Wednesday, June 1, 2022

Porto Velho

Thursday 2nd June 1988

I got up early and ensured that the time here was definitely one hour behind that in Brasília. I made up a litre of vodka and orange using Tang powder for the coach trip and then took bus 202 to the Terminal Rodoviário de Cuiabá.

I was getting used to the Brazilian bus system with it’s conductor and turnstile half way along the bus. I had fun at the cafeteria, which was one where you told the cashier at the entrance what you wanted and then paid in advance, as I didn’t know what half the options were called in Portuguese. I managed to muddle through and get something to eat.

The bus to Porto Velho cost 3,940 Cruzados and left at 09:00 hrs. Porto Velho (Old Port) is the capital of the Brazilian state of Rondônia, in the upper Amazon River basin, and a Catholic Metropolitan Archbishopric.

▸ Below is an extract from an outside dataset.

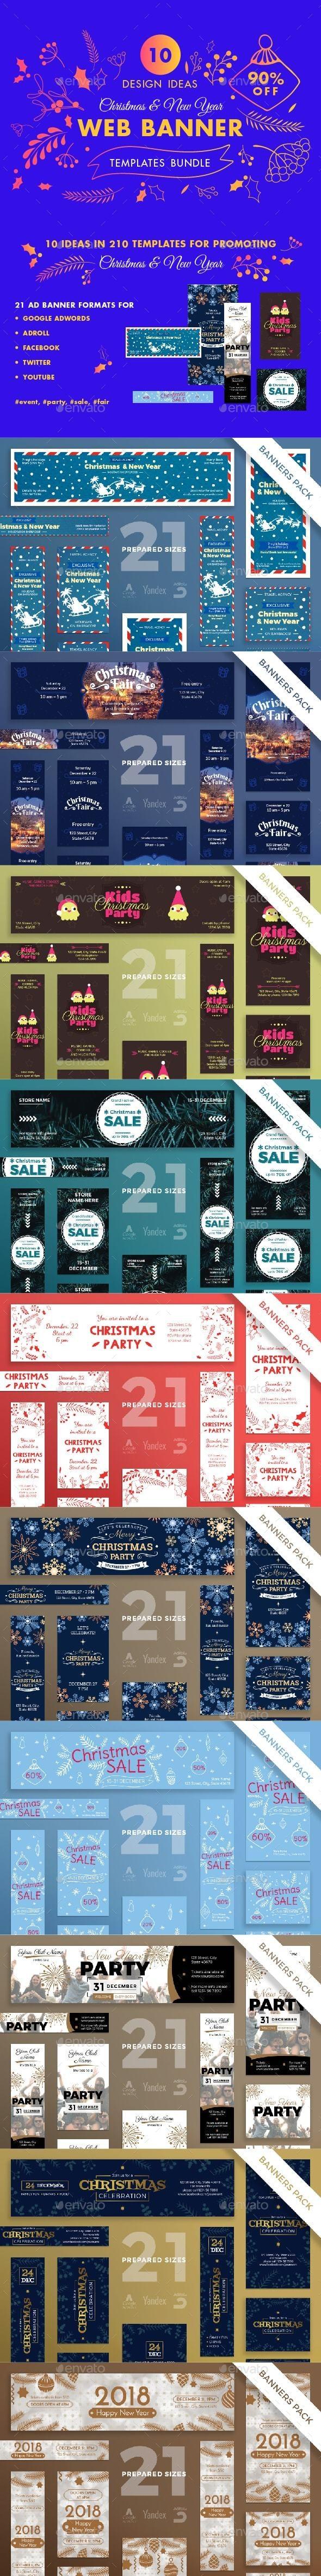 Christmas Web Banner Design Templates Bundle - Banners & Ads Web Elements
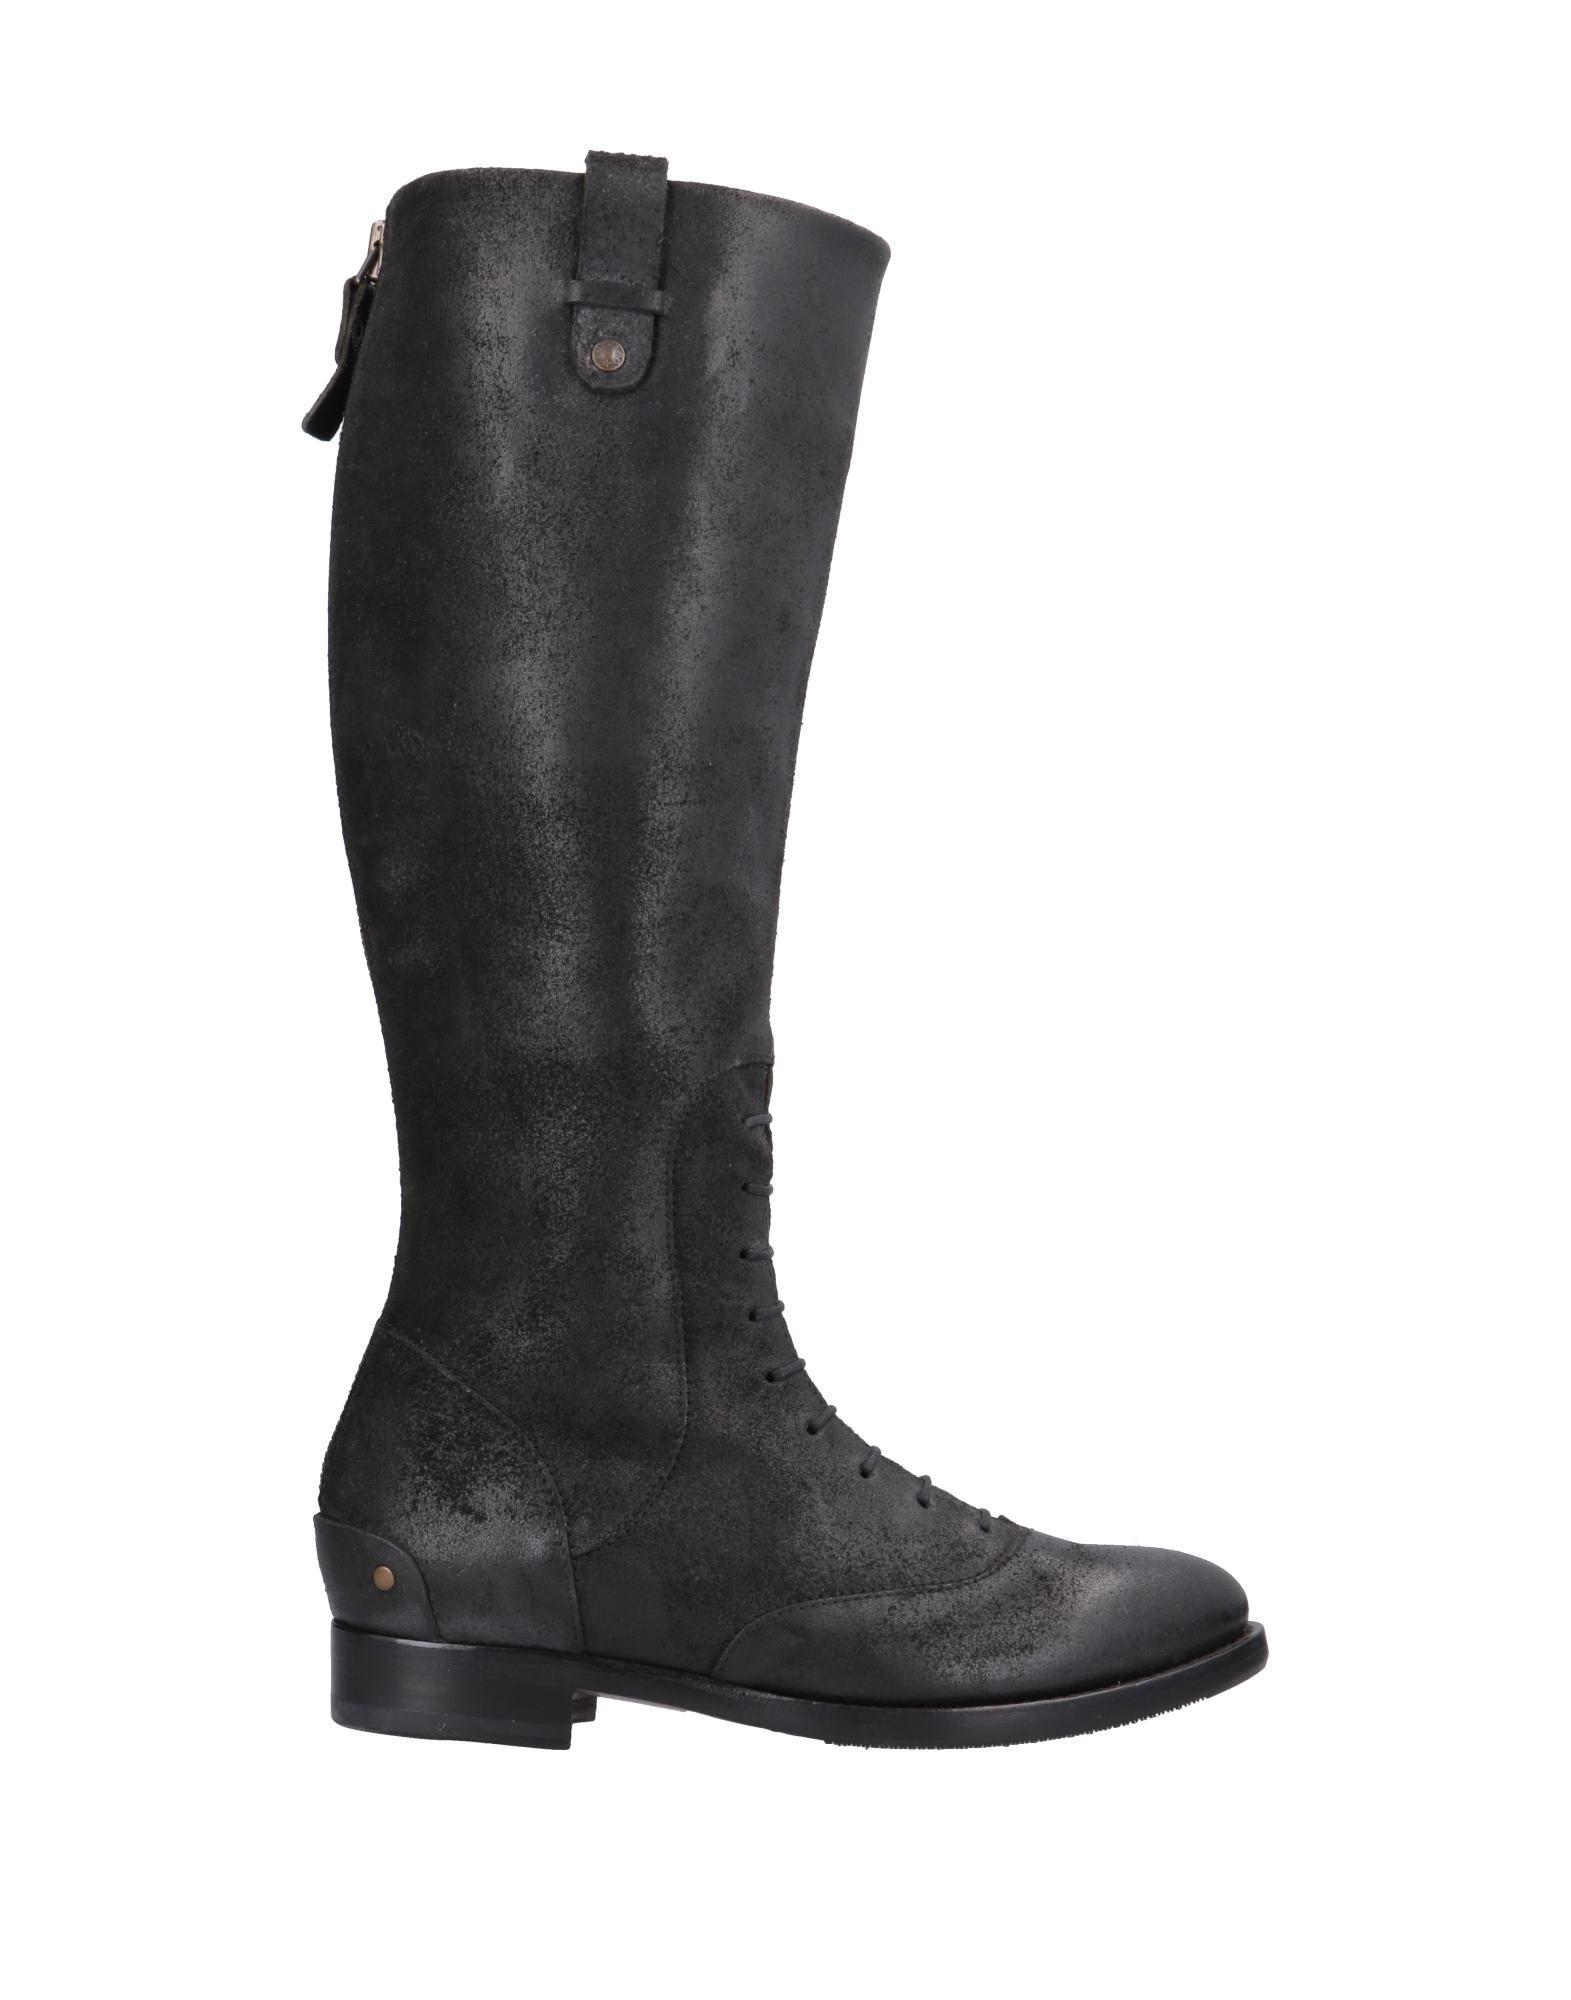 Buttero® Stiefel strapazierfähige Damen  11544439ORGut aussehende strapazierfähige Stiefel Schuhe 446233

Located on the border of Rondônia and the state of Amazonas, the town is an important trading centre for cassiterite, the mining of which represents the most important economic activity in the region, as well as a transportation and communication centre. It is on the eastern shore of the Madeira River, one of the main tributaries of the Amazon River. It is also Rondônia's largest city, and the largest state capital of Brazil by area.

The landscape we passed through was much the same as usual, becoming greener and more tropical as we progressed. We were in cowboy country and large grassy areas were populated by cattle. Several cowboys boarded the bus with their cowboy hats, denims, cowboy boots and saddles.

We stopped at dinner time for a hearty lunch of meat, rice, beans, pasta, eggs and salad. At many places along the road the grass verges were being burned away. In the evening the bus stopped at a Vaccination Centre where compulsory yellow fever jabs were given to those without cards to prove that they had already been jabbed.

Yellow fever vaccine is a vaccine that protects against yellow fever. Yellow fever is a viral infection that occurs in Africa and South America. Most people begin to develop immunity within ten days of vaccination and 99 percent are protected within one month, and this appears to be lifelong. At this time, in the UK in 1988, it was said that immunity would last for ten years and nobody who had been given it had ever caught yellow fever.

Recipients of the injections had to line up and roll up one sleeve as a medic went along the line and jabbed them one by one with the same needle attached to a large bottle of vaccine. Luckily, I had a certificate of yellow fever vaccination in my passport and was ushered straight through and back onto the bus.

We stopped at several “Wild West” style towns with hard packed red earth streets, open-fronted shops and saloons. The vodka and orange helped to pass the time but didn’t do much to help me to sleep. It seemed to go straight through me, necessitating frequent visits to the bog (toilet).